Working with tff's ClientData.

The notion of a dataset keyed by clients (e.g. users) is essential to federated computation as modeled in TFF. TFF provides the interface tff.simulation.datasets.ClientData to abstract over this concept, and the datasets which TFF hosts (stackoverflow, shakespeare, emnist, cifar100, and gldv2) all implement this interface.

If you are working on federated learning with your own dataset, TFF strongly encourages you to either implement the ClientData interface or use one of TFF's helper functions to generate a ClientData which represents your data on disk, e.g. tff.simulation.datasets.ClientData.from_clients_and_fn.

As most of TFF's end-to-end examples start with ClientData objects, implementing the ClientData interface with your custom dataset will make it easier to spelunk through existing code written with TFF. Further, the tf.data.Datasets which ClientData constructs can be iterated over directly to yield structures of numpy arrays, so ClientData objects can be used with any Python-based ML framework before moving to TFF.

There are several patterns with which you can make your life easier if you intend to scale up your simulations to many machines or deploy them. Below we will walk through a few of the ways we can use ClientData and TFF to make our small-scale iteration-to large-scale experimentation-to production deployment experience as smooth as possible.

Which pattern should I use to pass ClientData into TFF?

We will discuss two usages of TFF's ClientData in depth; if you fit in either of the two categories below, you will clearly prefer one over the other. If not, you may need a more detailed understanding of the pros and cons of each to make a more nuanced choice.

I want to iterate as quickly as possible on a local machine; I don't need to be able to easily take advantage of TFF's distributed runtime.
- You want to pass tf.data.Datasets in to TFF directly.
- This allows you to program imperatively with tf.data.Dataset objects, and process them arbitrarily.
- It provides more flexibility than the option below; pushing logic to the clients requires that this logic be serializable.
I want to run my federated computation in TFF's remote runtime, or I plan to do so soon.
- In this case you want to map dataset construction and preprocessing to clients.
- This results in you passing simply a list of client_ids directly to your federated computation.
- Pushing dataset construction and preprocessing to the clients avoids bottlenecks in serialization, and significantly increases performance with hundreds-to-thousands of clients.

Set up open-source environment

# tensorflow_federated_nightly also bring in tf_nightly, which
# can causes a duplicate tensorboard install, leading to errors.
pip uninstall --yes tensorboard tb-nightly

pip install --quiet --upgrade tensorflow_federated

Import packages

import collections
import time

import tensorflow as tf
import tensorflow_federated as tff

Manipulating a ClientData object

Let's begin by loading and exploring TFF's EMNIST ClientData:

client_data, _ = tff.simulation.datasets.emnist.load_data()

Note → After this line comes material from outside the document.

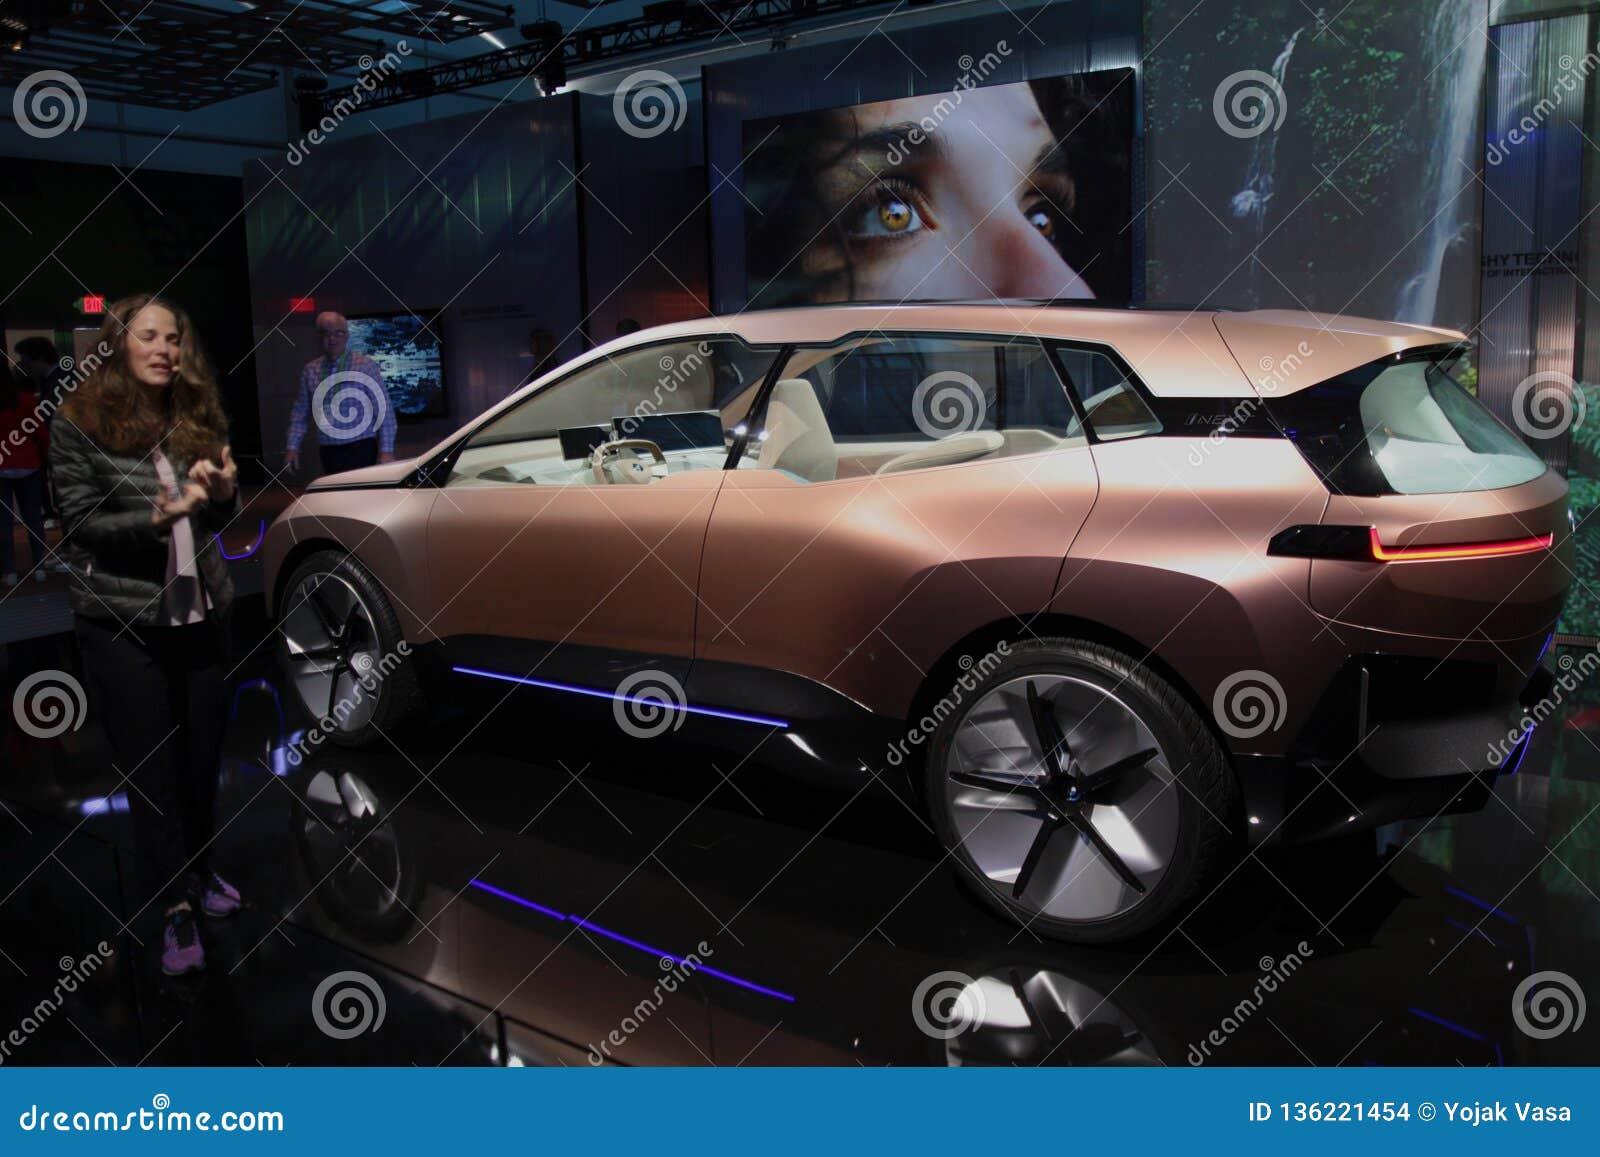 Автомобиль концепции iNext BMW на CES 2019

Inspecting the first dataset can tell us what type of examples are in the ClientData.

first_client_id = client_data.client_ids[0]
first_client_dataset = client_data.create_tf_dataset_for_client(
    first_client_id)
print(first_client_dataset.element_spec)
# This information is also available as a `ClientData` property:
assert client_data.element_type_structure == first_client_dataset.element_spec

OrderedDict([('label', TensorSpec(shape=(), dtype=tf.int32, name=None)), ('pixels', TensorSpec(shape=(28, 28), dtype=tf.float32, name=None))])

Note that the dataset yields collections.OrderedDict objects that have pixels and label keys, where pixels is a tensor with shape [28, 28]. Suppose we wish to flatten our inputs out to shape [784]. One possible way we can do this would be to apply a pre-processing function to our ClientData object.

def preprocess_dataset(dataset):
  """Create batches of 5 examples, and limit to 3 batches."""

  def map_fn(input):
    return collections.OrderedDict(
        x=tf.reshape(input['pixels'], shape=(-1, 784)),
        y=tf.cast(tf.reshape(input['label'], shape=(-1, 1)), tf.int64),
    )

  return dataset.batch(5).map(
      map_fn, num_parallel_calls=tf.data.experimental.AUTOTUNE).take(5)


preprocessed_client_data = client_data.preprocess(preprocess_dataset)

# Notice that we have both reshaped and renamed the elements of the ordered dict.
first_client_dataset = preprocessed_client_data.create_tf_dataset_for_client(
    first_client_id)
print(first_client_dataset.element_spec)

OrderedDict([('x', TensorSpec(shape=(None, 784), dtype=tf.float32, name=None)), ('y', TensorSpec(shape=(None, 1), dtype=tf.int64, name=None))])

We may want in addition to perform some more complex (and possibly stateful) preprocessing, for example shuffling.

def preprocess_and_shuffle(dataset):
  """Applies `preprocess_dataset` above and shuffles the result."""
  preprocessed = preprocess_dataset(dataset)
  return preprocessed.shuffle(buffer_size=5)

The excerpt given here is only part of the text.